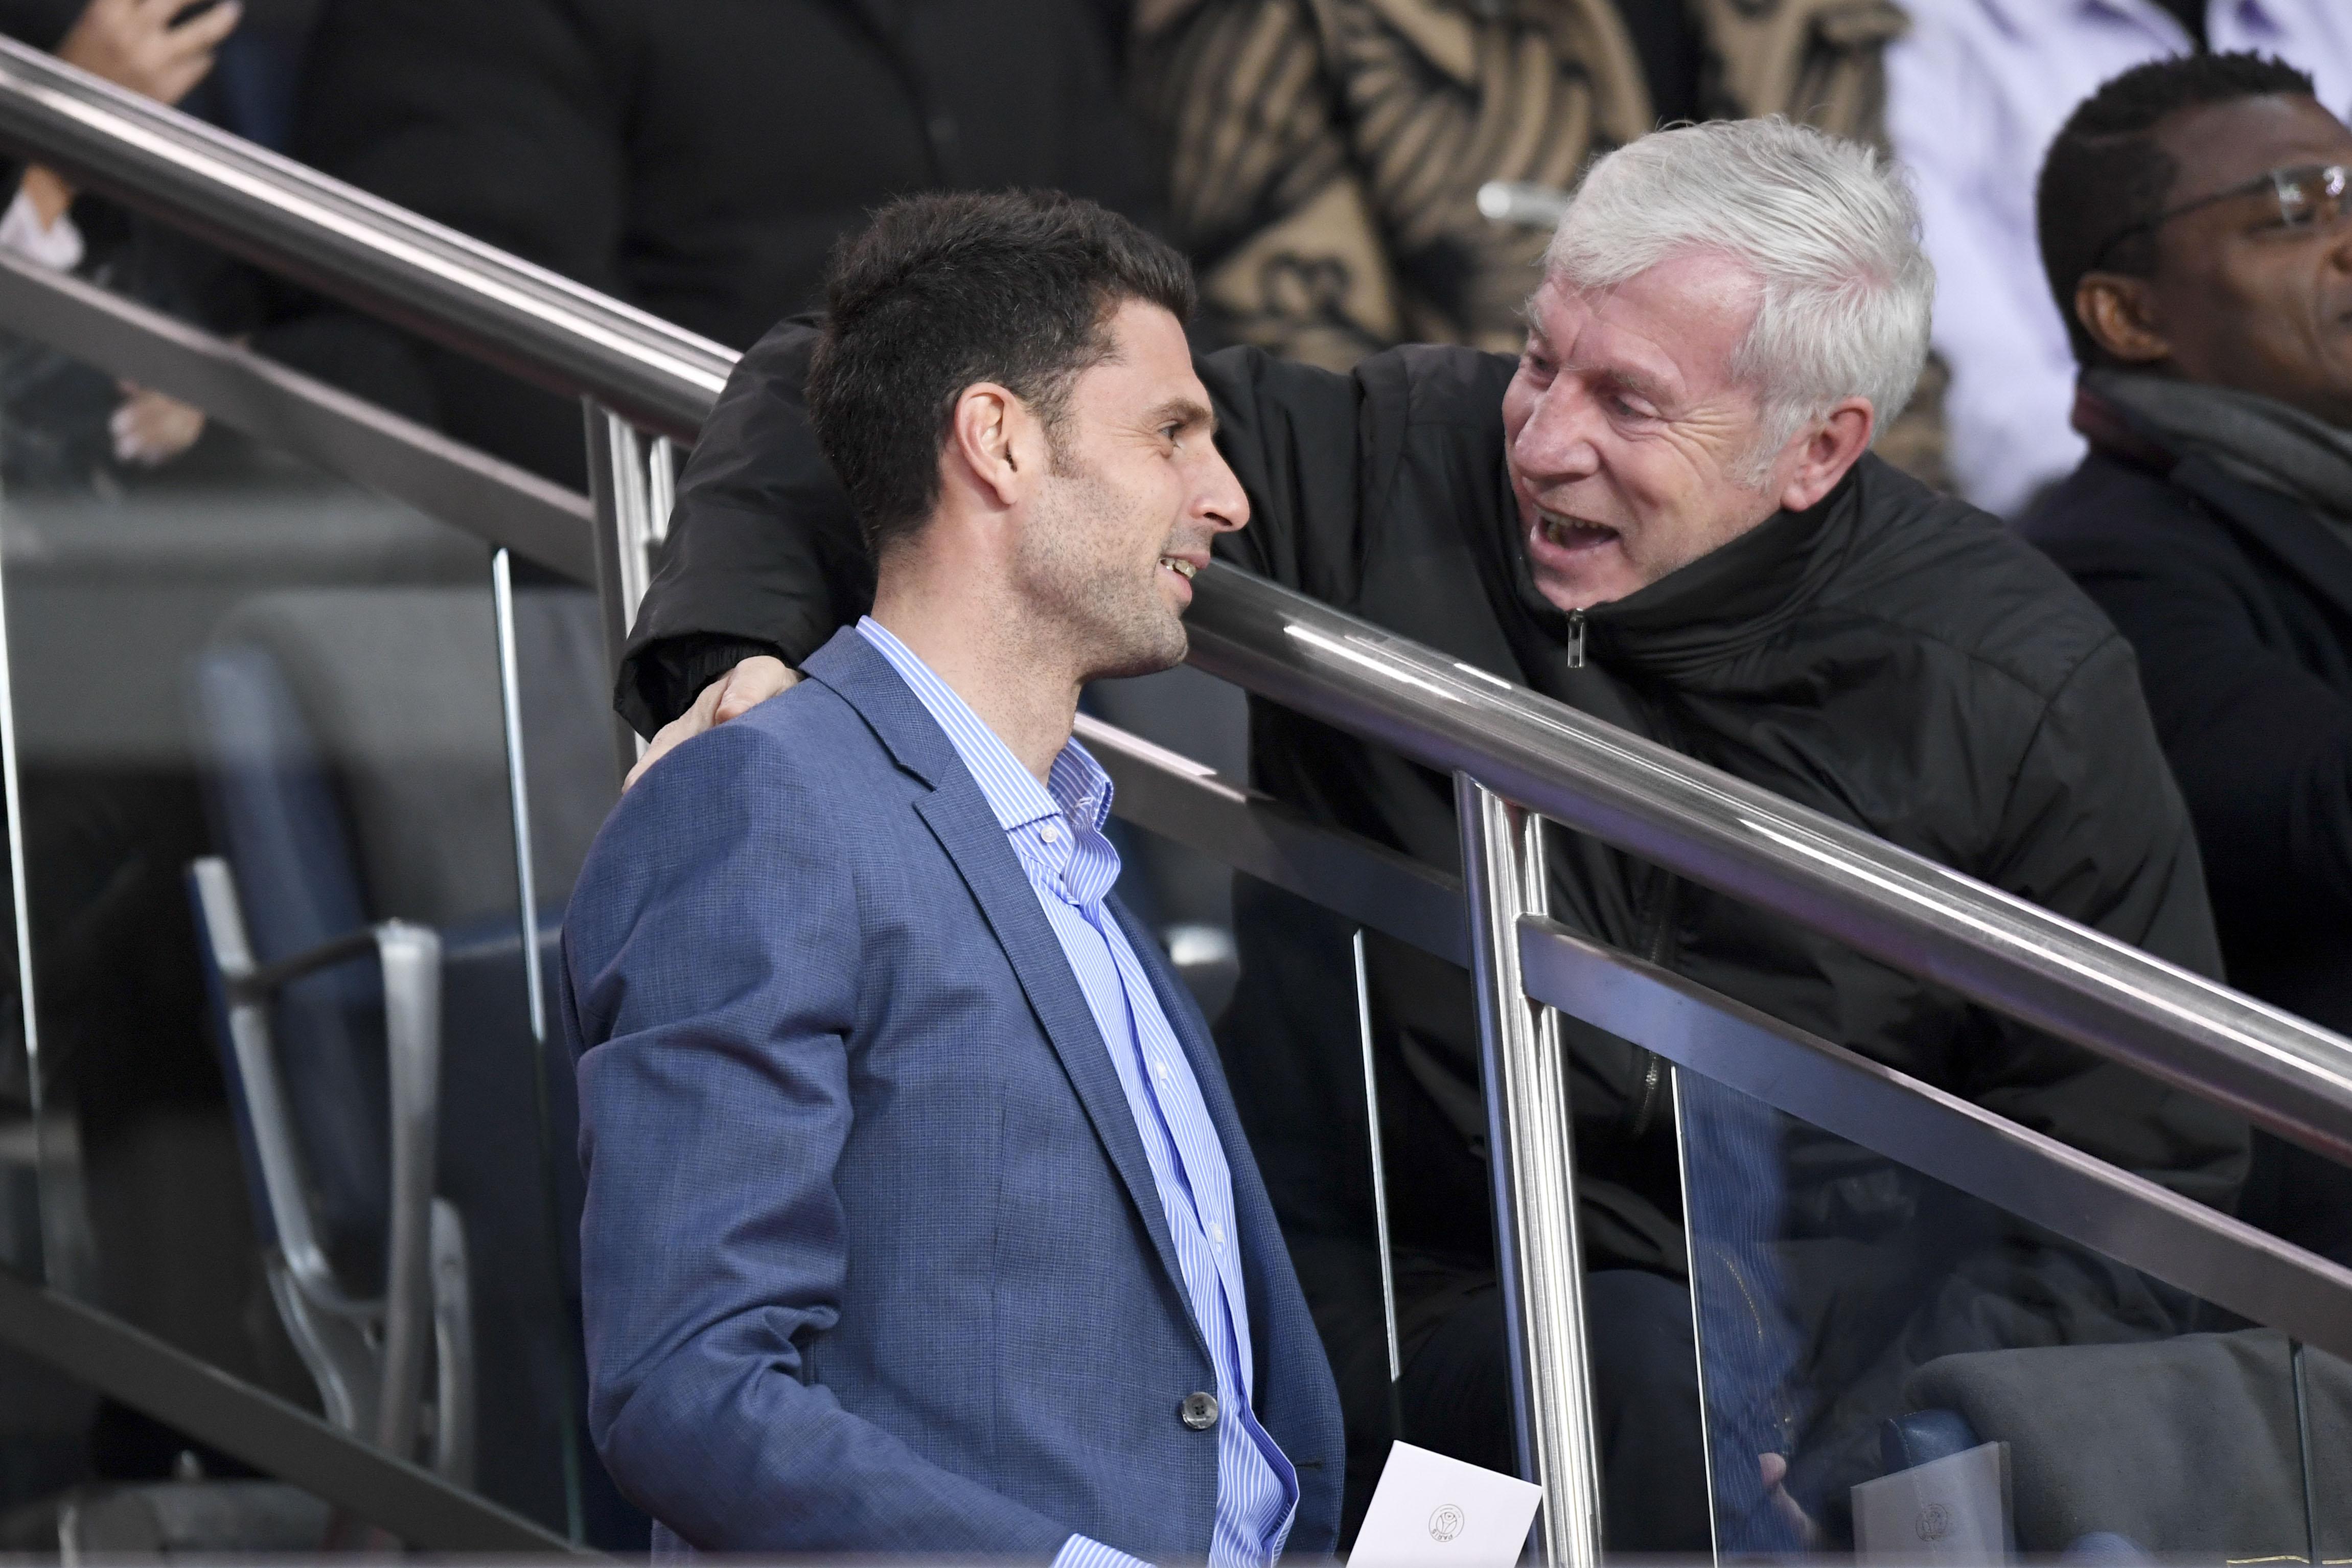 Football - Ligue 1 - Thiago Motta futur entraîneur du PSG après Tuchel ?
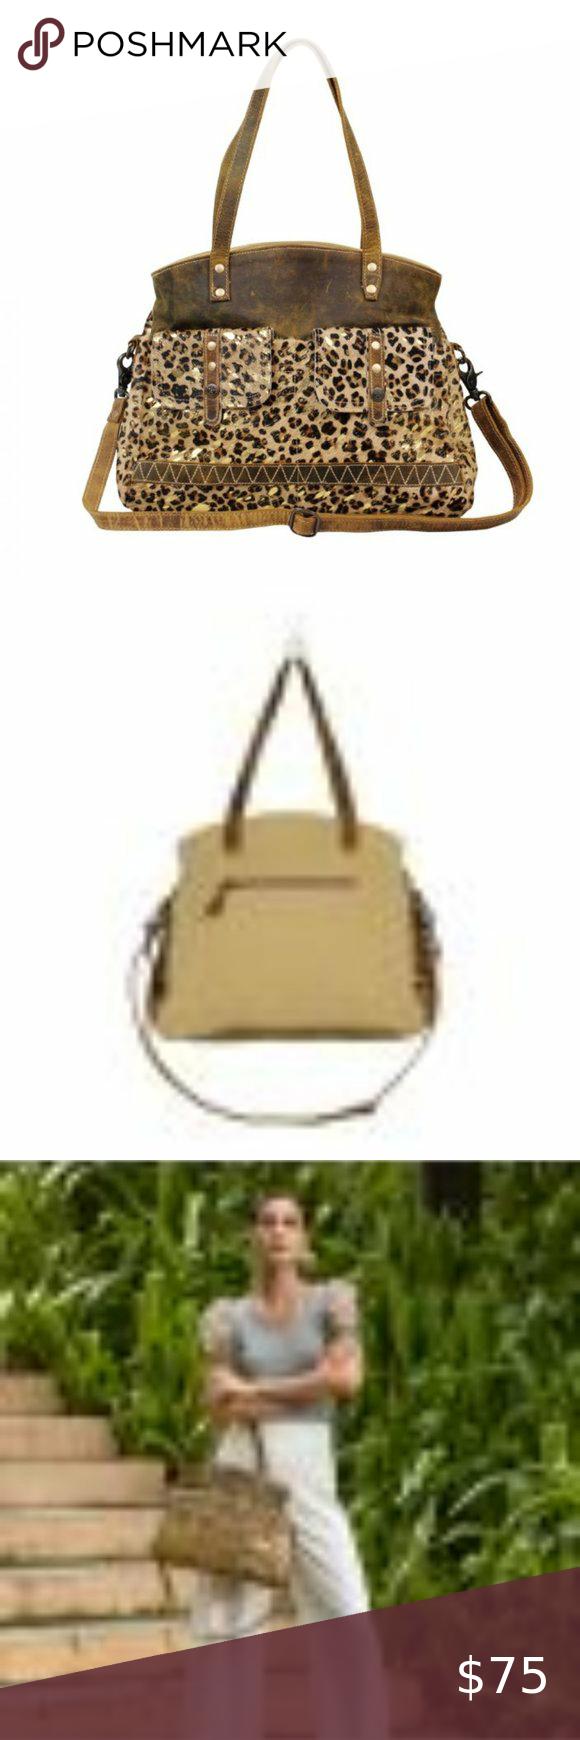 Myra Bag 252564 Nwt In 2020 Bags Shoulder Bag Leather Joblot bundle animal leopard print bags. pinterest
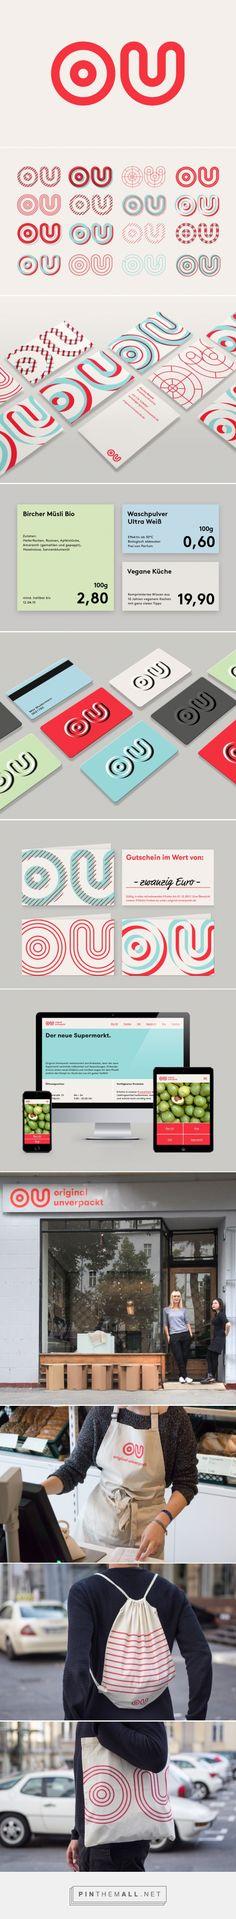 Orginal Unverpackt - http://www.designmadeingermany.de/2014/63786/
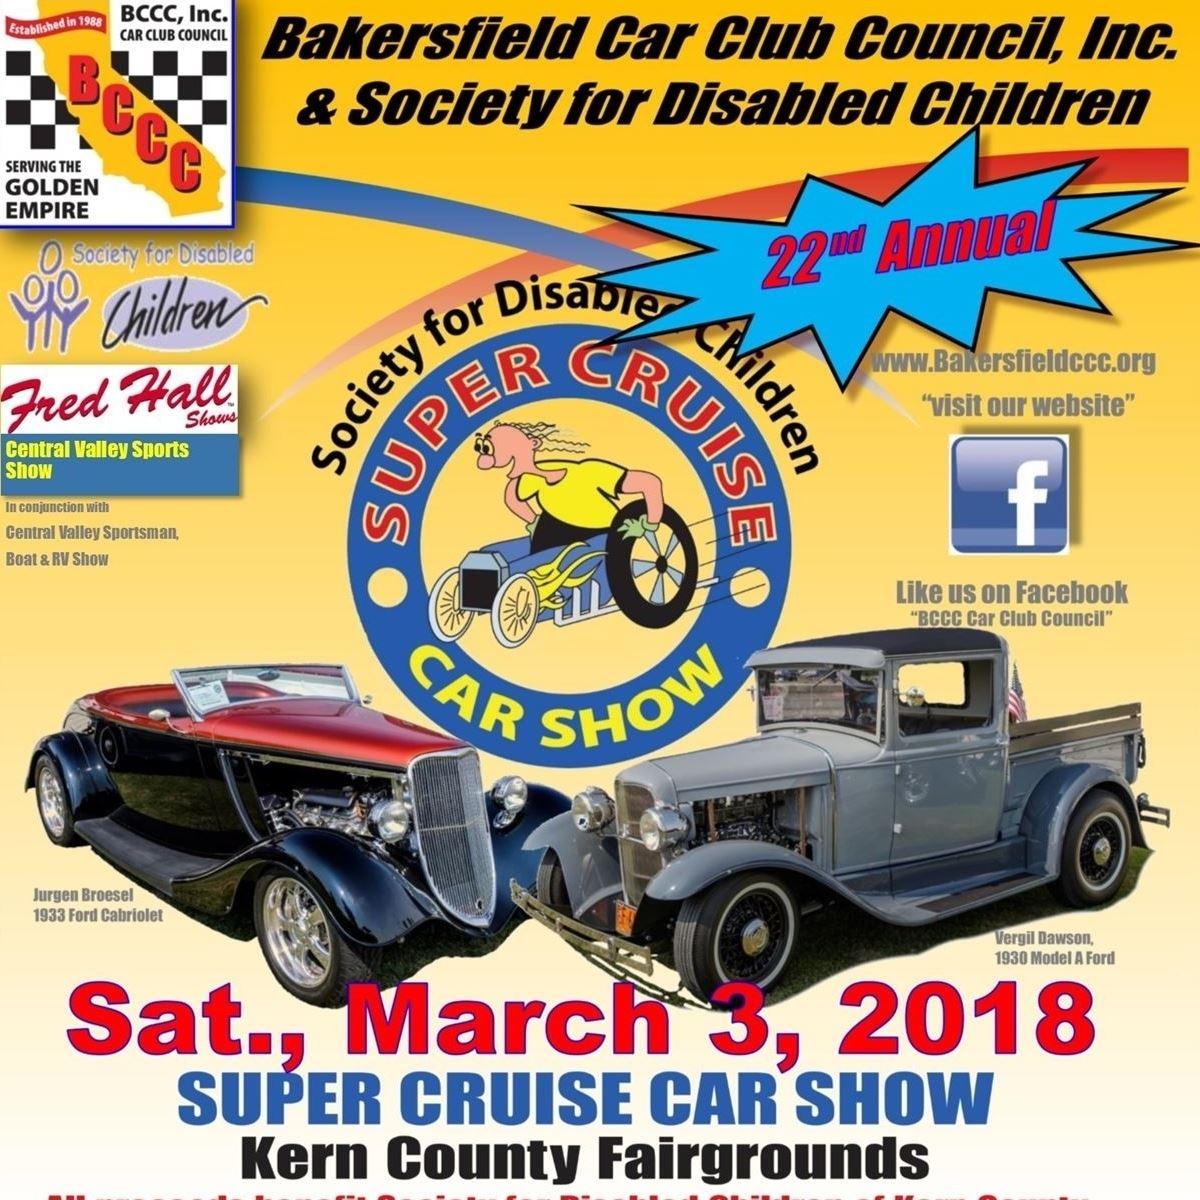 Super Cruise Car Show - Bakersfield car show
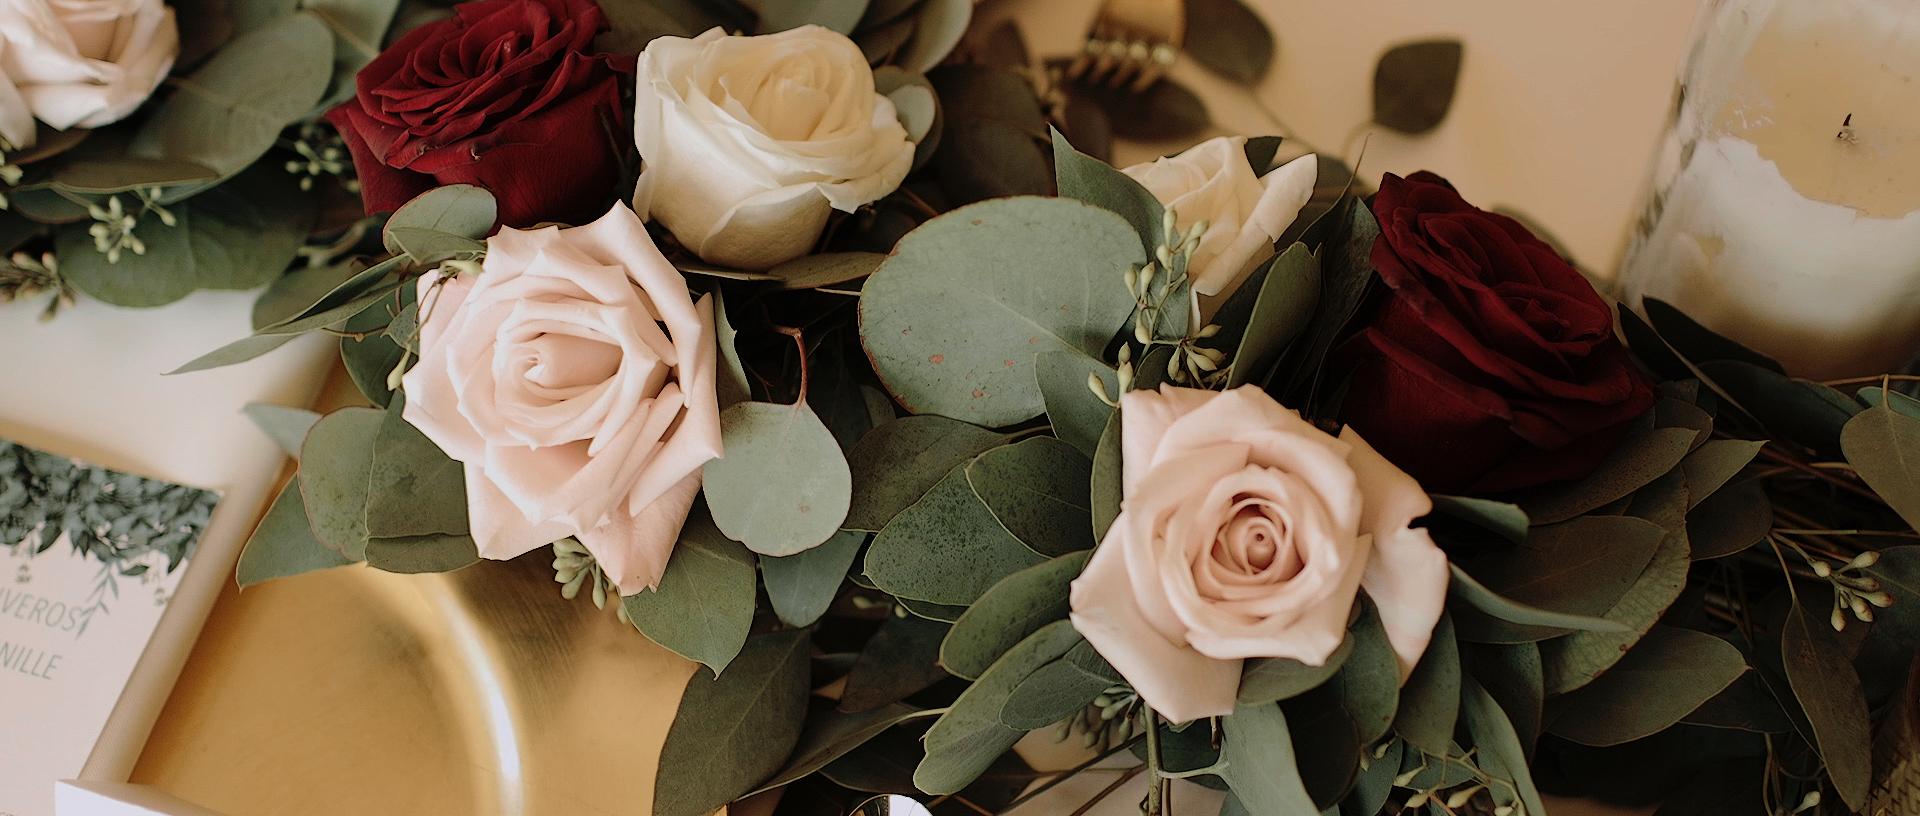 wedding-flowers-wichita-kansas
————————
Exercise brief →
Could you please write out the entries exactly as they are, with every picture left out?

Solution below →
 Football - Ligue 1 - Thiago Motta futur entraîneur du PSG après Tuchel ?
 Myra Bag 252564 Nwt In 2020 Bags Shoulder Bag Leather Joblot bundle animal leopard print bags. pinterest
 Orginal Unverpackt - http://www.designmadeingermany.de/2014/63786/
 Super Cruise Car Show - Bakersfield car show
 wedding-flowers-wichita-kansas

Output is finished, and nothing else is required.